— Action item —
Repeat exactly the lines of the records below, starting at the line containing "Настприбор(часыфоторам)крдер" and ending at the line containing "Mammoth (stainless Steel". Leave the pictures out.

— Exercise data —
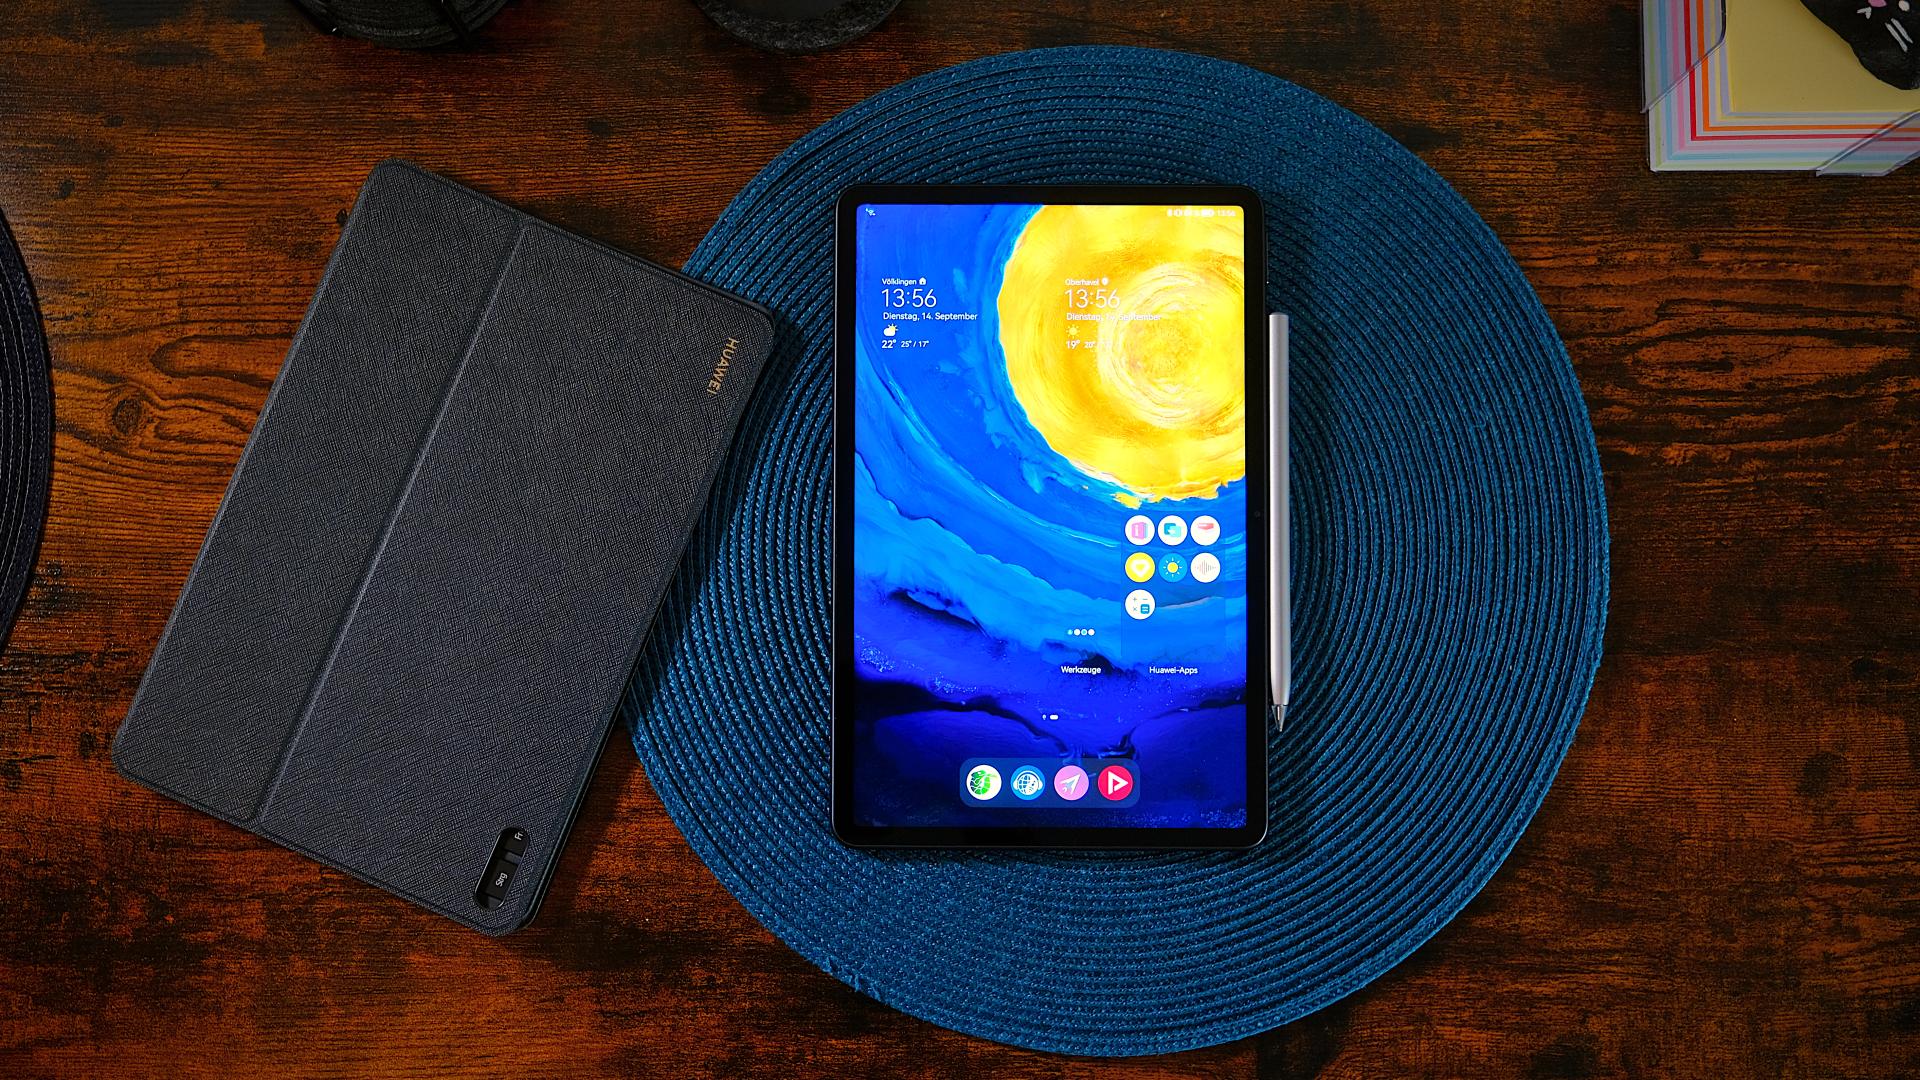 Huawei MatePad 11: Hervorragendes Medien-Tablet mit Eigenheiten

...

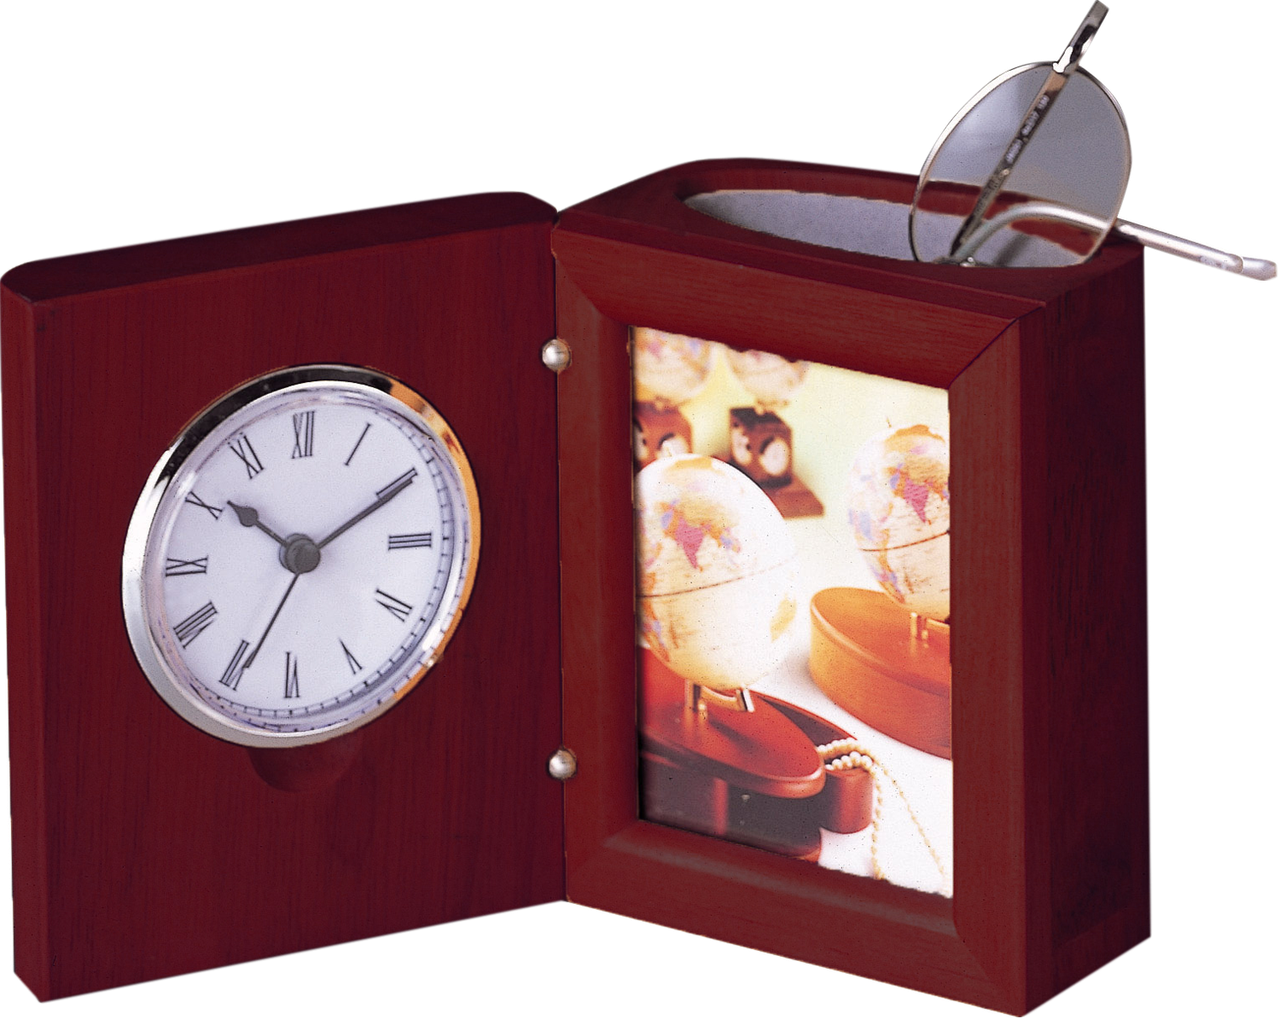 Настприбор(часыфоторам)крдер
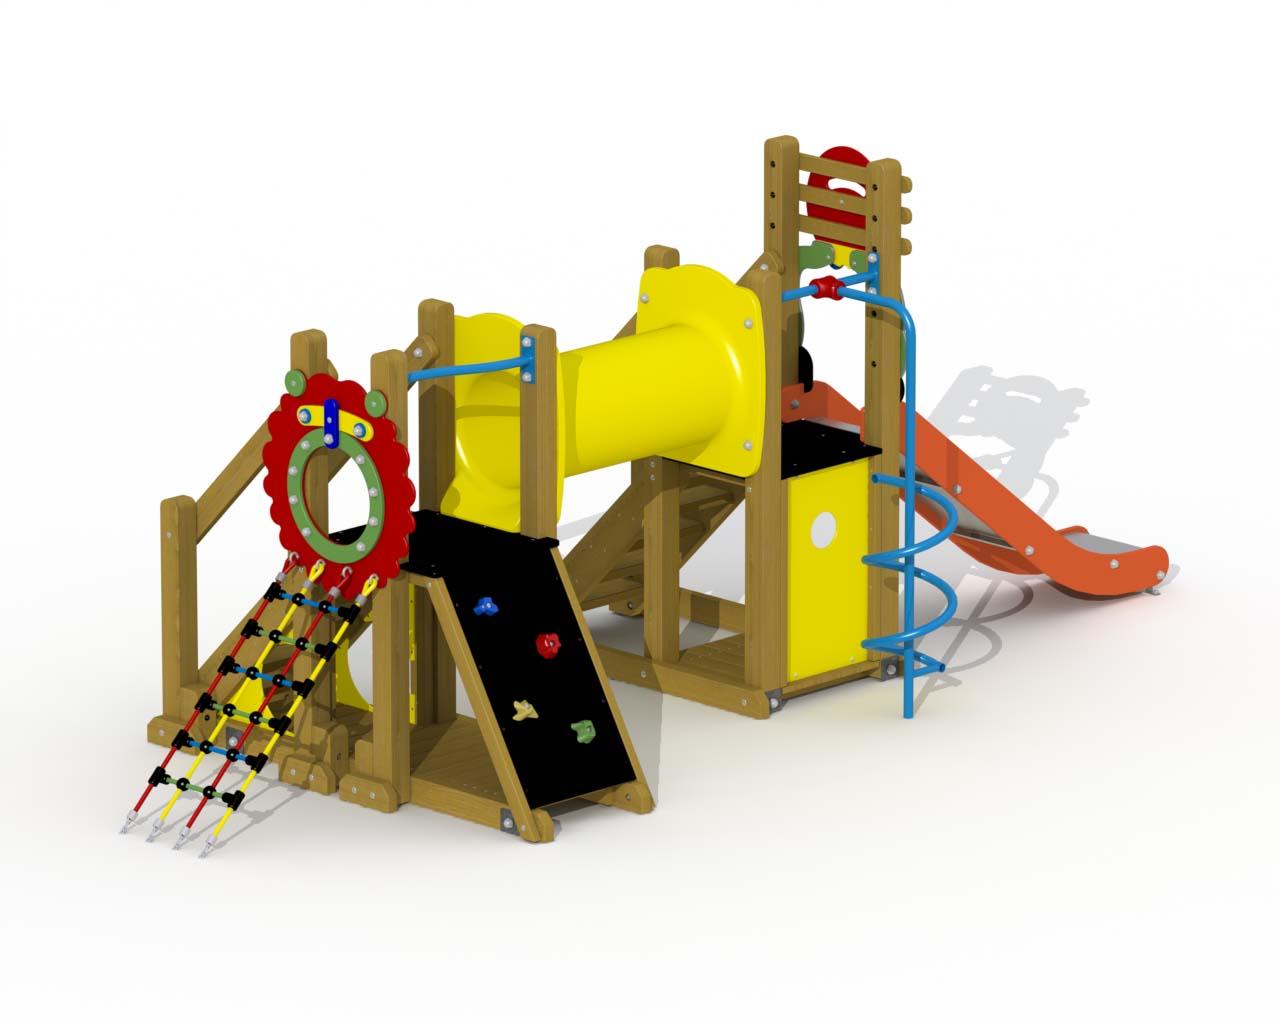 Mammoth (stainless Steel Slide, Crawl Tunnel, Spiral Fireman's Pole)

— Response to the task —
 Настприбор(часыфоторам)крдер
 Mammoth (stainless Steel Slide, Crawl Tunnel, Spiral Fireman's Pole)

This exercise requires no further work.